Quintus G. Medley^§, Carles Serra-Pagès^¶, Elizabeth Iannotti, Katja Seipel^§, May Tang, Stephen P. O'Brien, and Michel Streuli^§**

From the  Department of Cancer Immunology and AIDS, Dana-Farber Cancer Institute, Boston, Massachusetts 02115 and the Departments of ^§ Pathology and ^¶ Medicine, Harvard Medical School, Boston, Massachusetts 02115

Trio is a complex protein containing two guanine nucleotide exchange factor domains each with associated pleckstrin homology domains, a serine/threonine kinase domain, two SH3 domains, an immunoglobulin-like domain, and spectrin-like repeats.

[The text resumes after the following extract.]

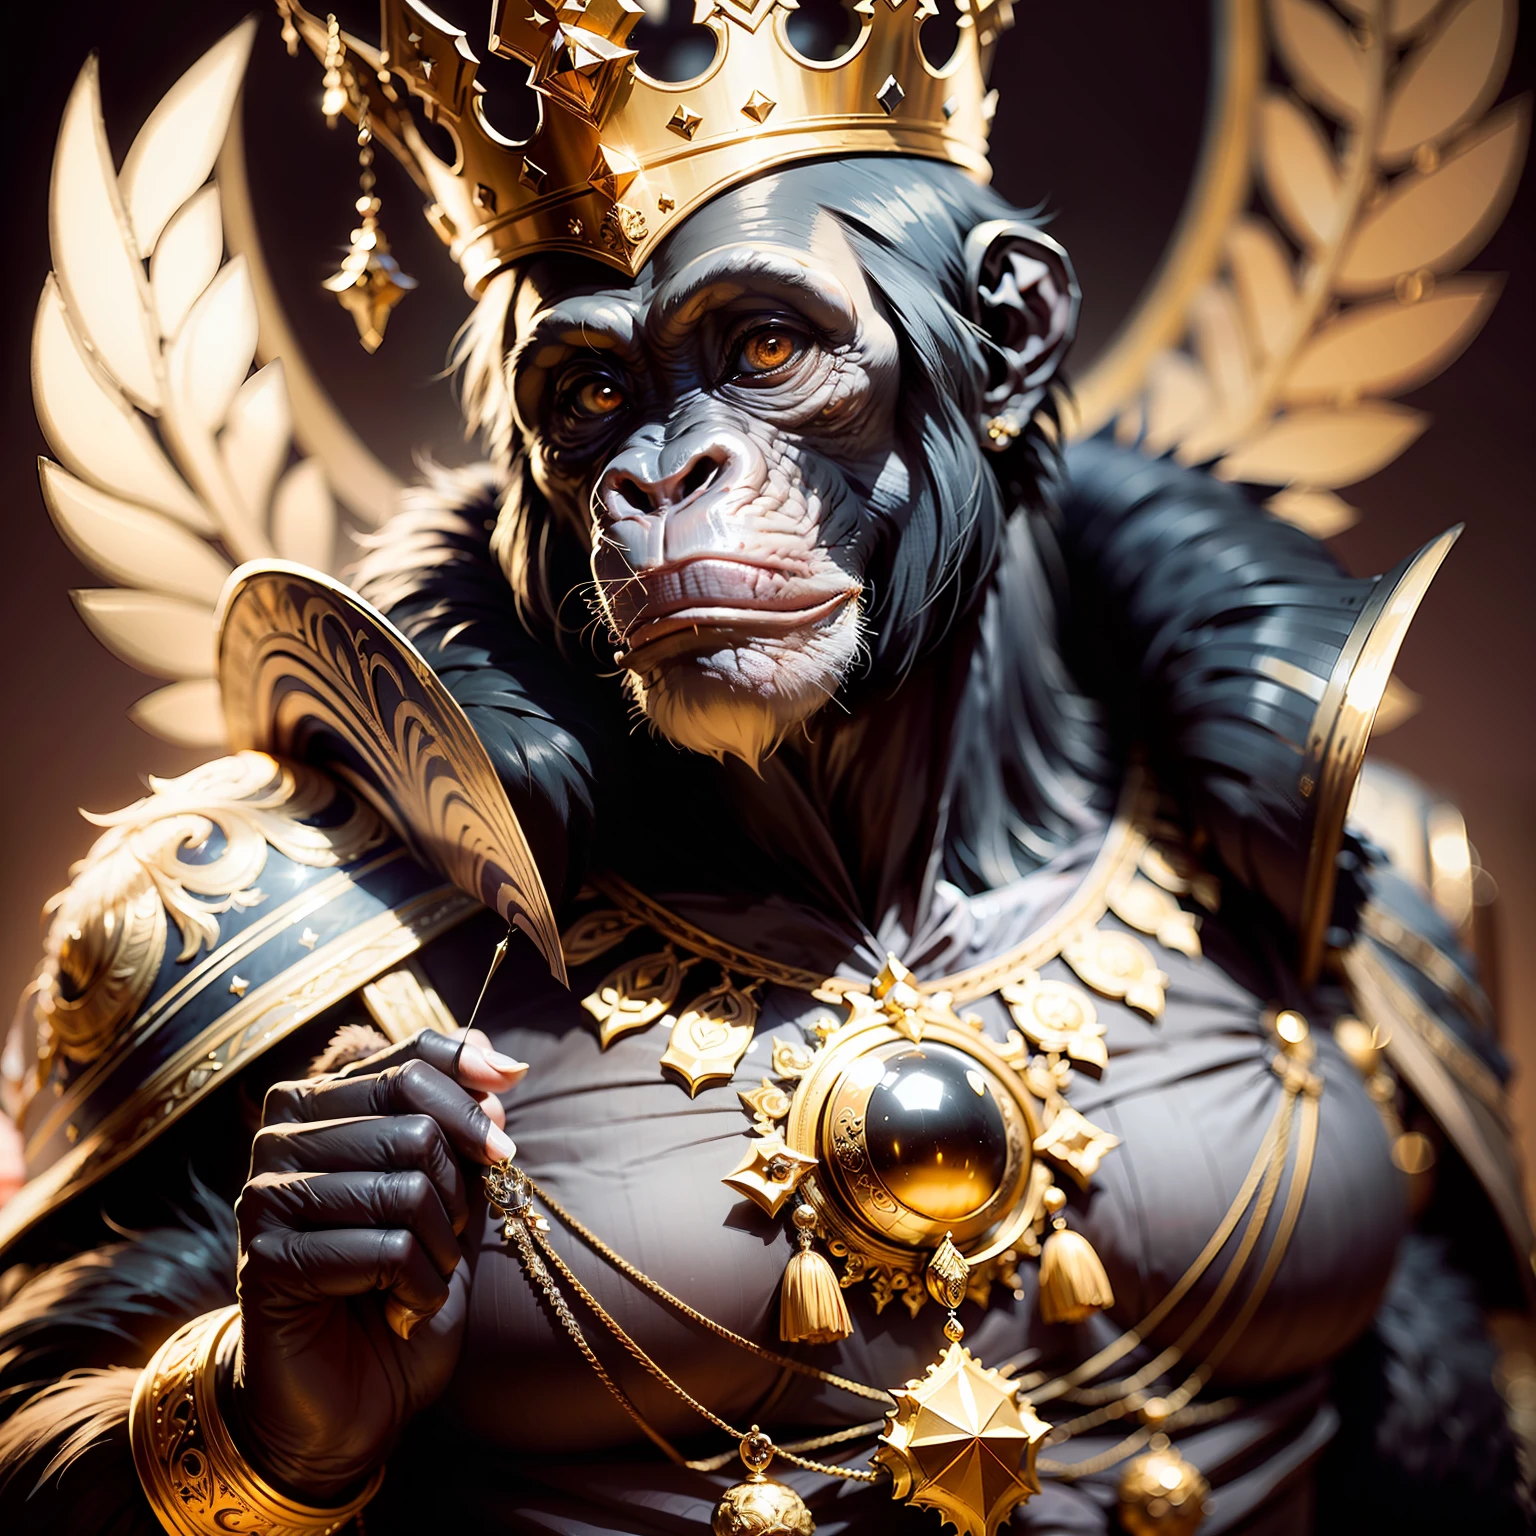 Rey chimpancé,,((elegant)),, soberano, espiritual, seguro, con corona y puntales muy detallados, Fondo negro, Frente a la cámara,, obra maestra,,((obra maestra))

Trio was originally identified as a LAR tyrosine phosphatase-binding protein and is involved in actin remodeling, cell migration, and cell growth. Herein we provide evidence that Trio not only activates RhoA but is also a RhoA target. The RhoA-binding site was mapped to the Trio immunoglobulin-like domain. RhoA isoprenylation is necessary for the RhoA-Trio interaction, because mutation of the RhoA carboxyl-terminal cysteine residue blocked binding. The existence of an intramolecular functional link between RhoA activation and RhoA binding is suggested by the finding that Trio exchange activity enhanced RhoA binding to Trio. Furthermore, immunofluorescence studies of HeLa cells showed that although ectopically expressed Trio was evenly distributed within the cell, co-expression of Trio with RhoA resulted in relocalization of Trio into punctate structures. Relocalization was not observed with Trio constructs lacking the immunoglobulin-like domain, indicating that RhoA acts to regulate Trio localization via binding to the immunoglobulin-like domain. We propose that Trio-mediated RhoA activation and subsequent RhoA-mediated relocalization of Trio functions to modulate and coordinate Trio signaling.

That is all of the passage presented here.